Why you shouldn't interrupt your children when they are talking.
We often rush to help our kids complete their sentences when they’re learning to speak, but we may be harming their progress. Here’s why:
Interrupting your toddler might be detrimental. Language is made up of gestures, body language and cognitive or written parts. We develop the former first. From a speech pathologists’ point of view – language is primarily verbal (spoken language) or nonverbal (gestures, actions, written modalities, drawing, electronic etc).
Children begin by developing and using nonverbal language.
They start communicating using gestures and actions, then by using sounds and then by joining sounds together to form spoken words. Learning to speak when you’re a child is akin to learning a foreign language for adults. The best learning is through interaction. Finishing sentences, constantly correcting grammar or being impatient might stall their progress.
When we begin to constantly interrupt our children as they are trying to figure out how to say what they want to say, essentially what we are doing is interrupting their flow of thought and efforts to verbally put together their thoughts. They may begin to feel unimportant, always wrong and disrespected.
They may begin to feel that what they have to say is not important and may end up not wanting to speak often or contribute to conversations.

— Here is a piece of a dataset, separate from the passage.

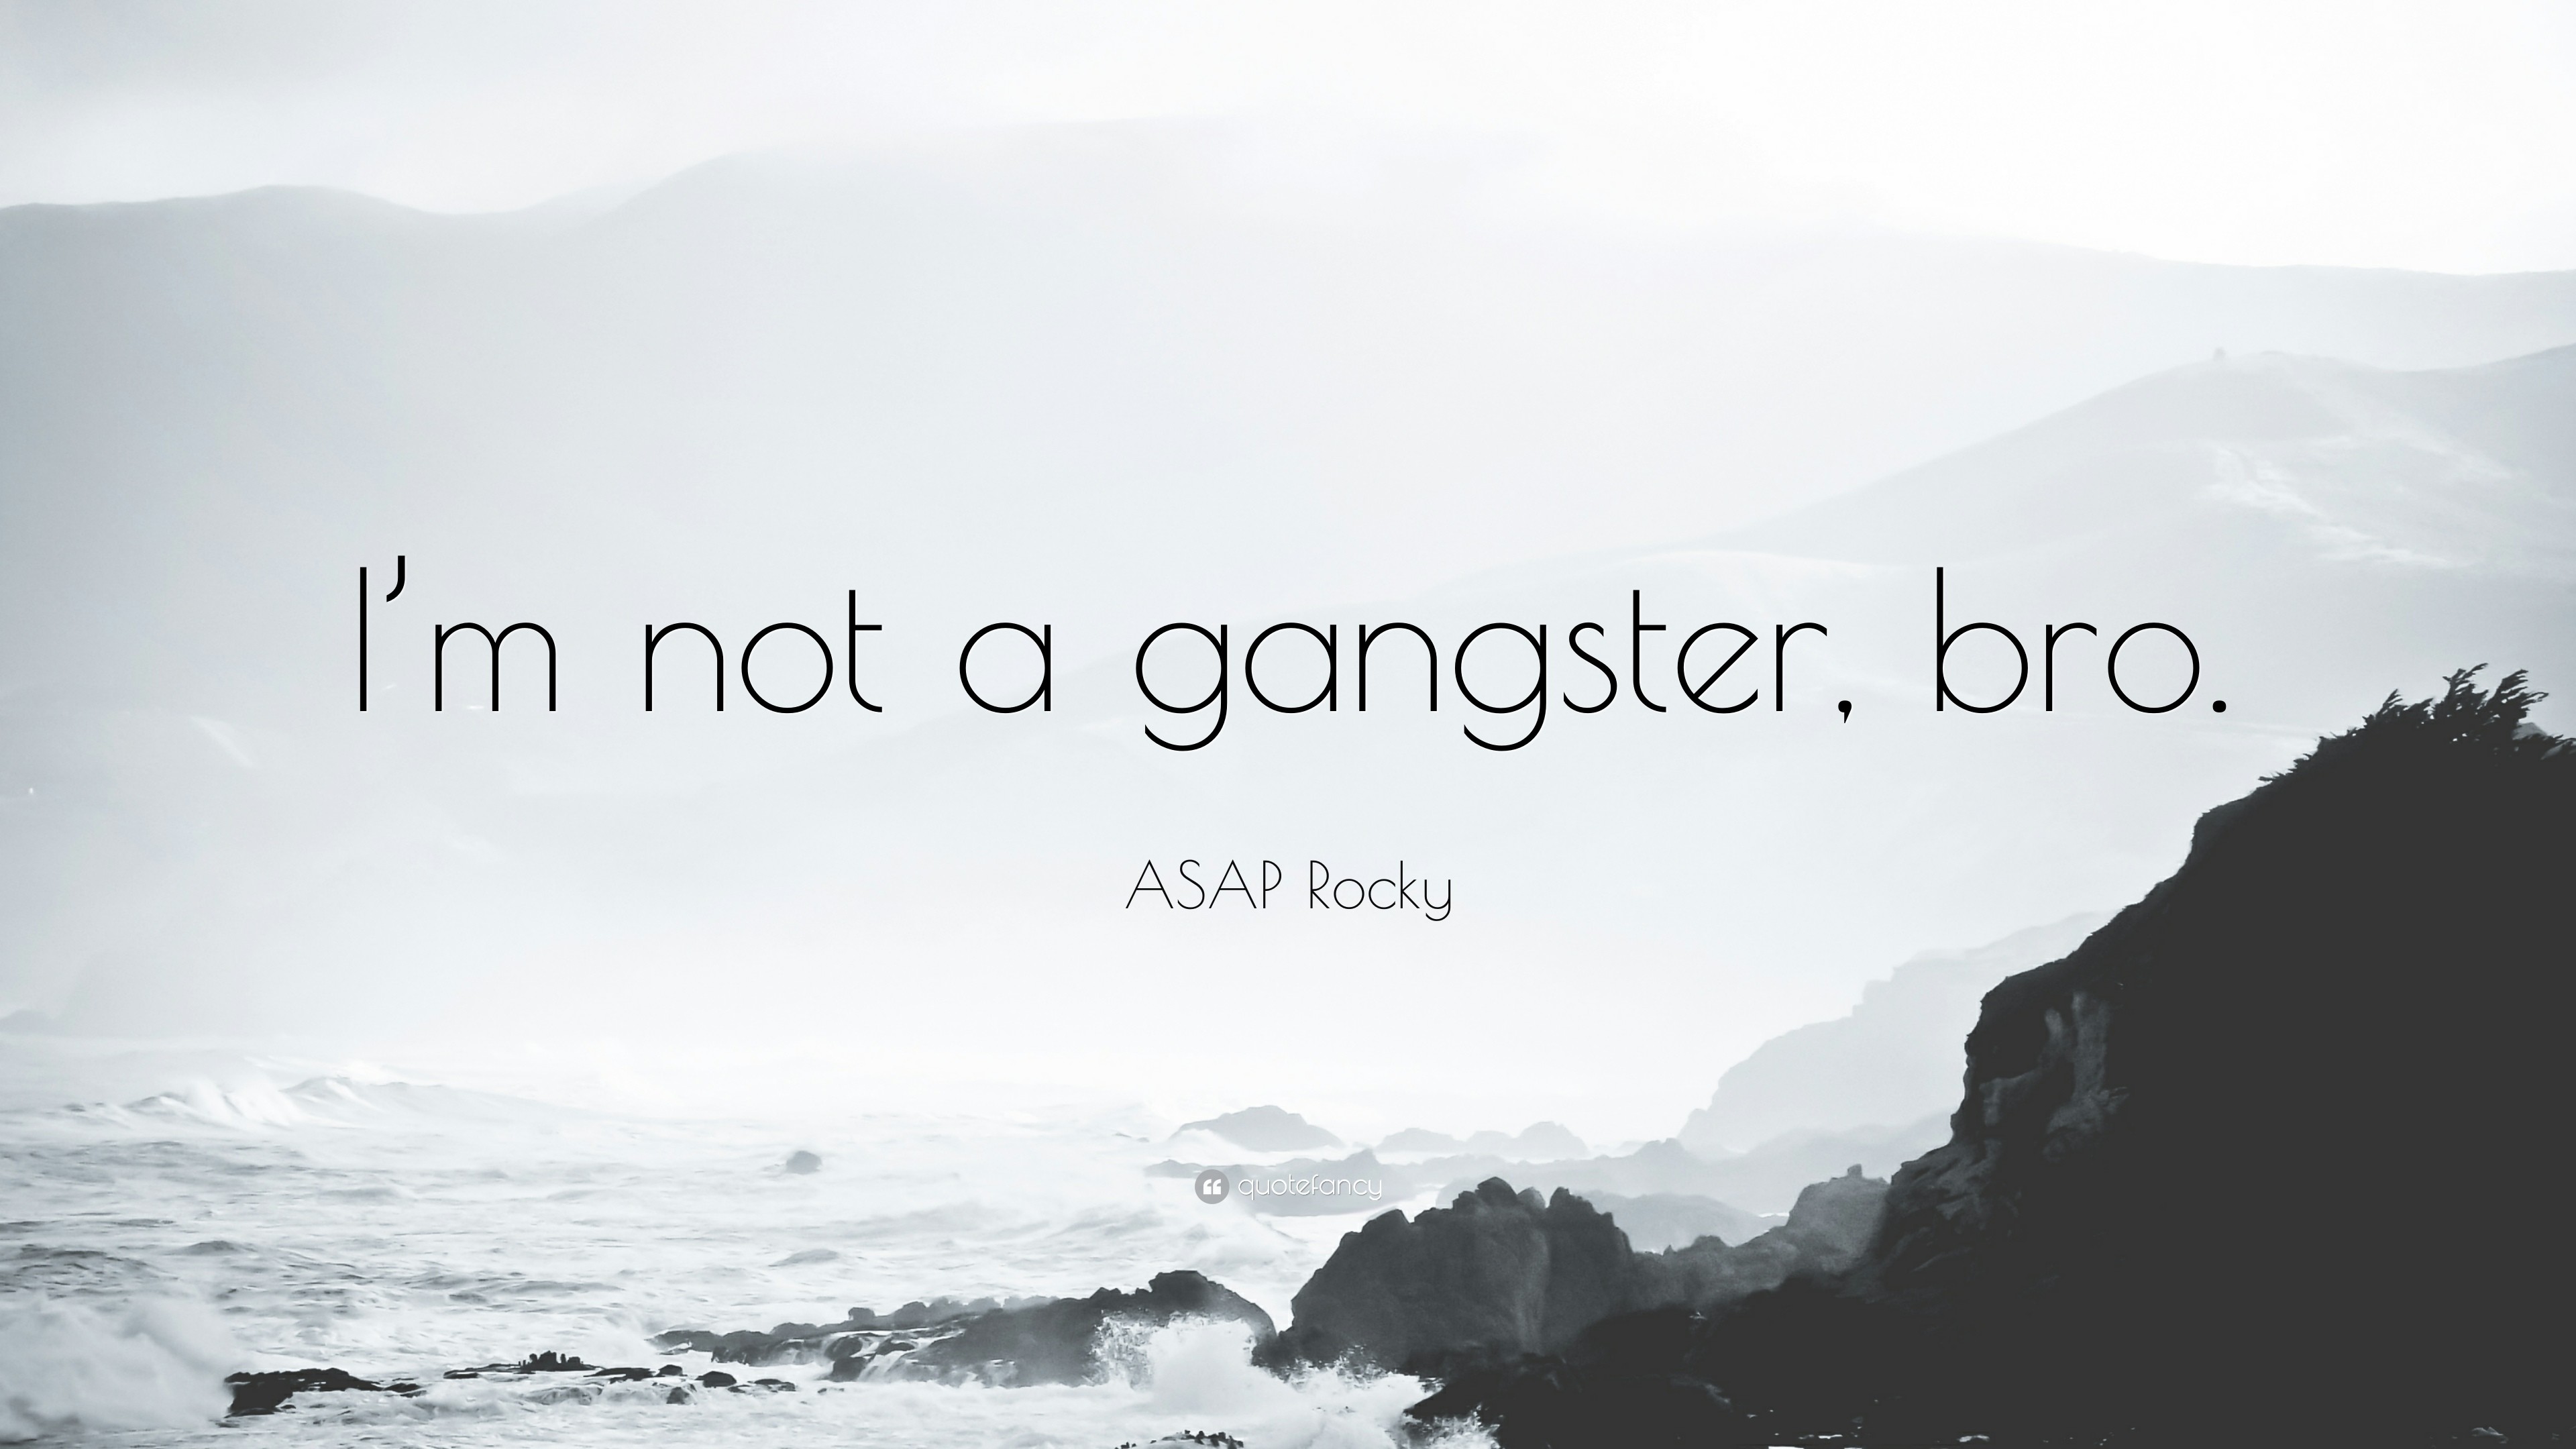 3840x2160 ASAP Rocky Quote: “I'm not a gangster, bro.”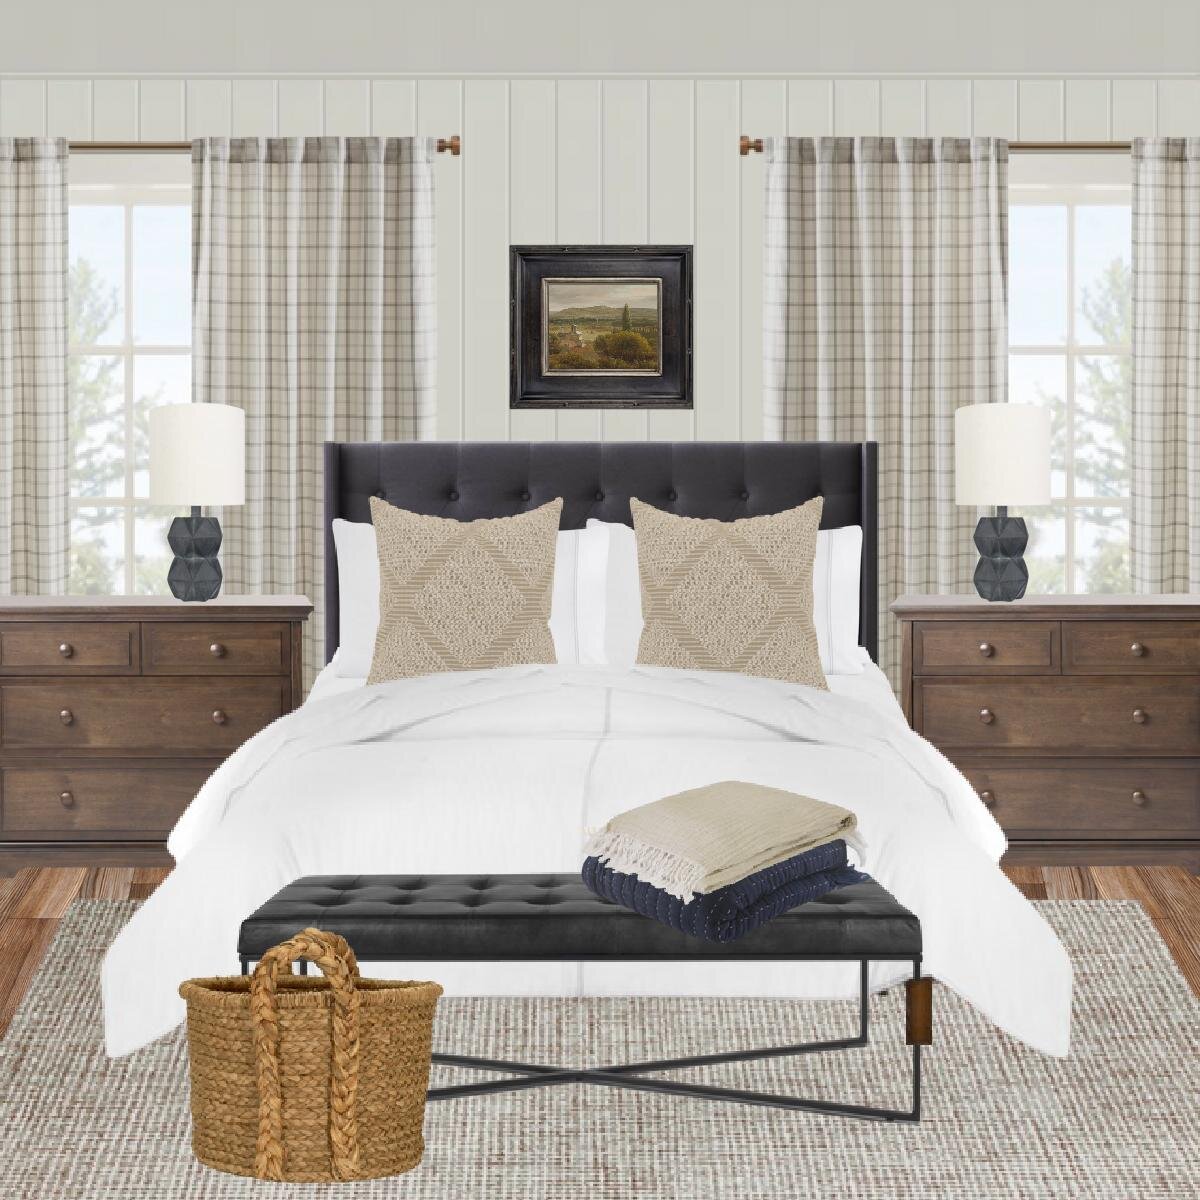 Fall Bedroom Refresh with Walmart Home. | Nadine Stay - Budget friendly furniture, decor, and textiles from Walmart that I love. Cottage, cabin bedroom makeover with plaid curtains, tufted headboard, and a warm color palette | Nadine Stay

We often tell our children to “wait” when they interrupt us. Similarly, when they are speaking, even though it takes them longer, we must learn to wait because interrupting a child can have an impact on their self-confidence. In turn, this can affect their language progression and interfere with their way of using their knowledge to formulate their own rules and recognize correct from incorrect.
This can result in incomplete knowledge and impaired language or grammar. As a parent sometimes you may want to jump in and correct their grammar. In this case, using the indirect method instead would be more fruitful. You correct them implicitly whilst helping them learn the rules of grammar.
Child: Look mom I saw a red car!
Mother: Oh! Where is it?
Child: It just goed away!
Mother: Oh it went away? I must have missed seeing it!
(Here the parent would have stressed or emphasized on the word went) When this is done, keep repeating the emphasized word so the child is repeatedly hearing the correct form rather than telling the child they are wrong and this is what they have to say instead.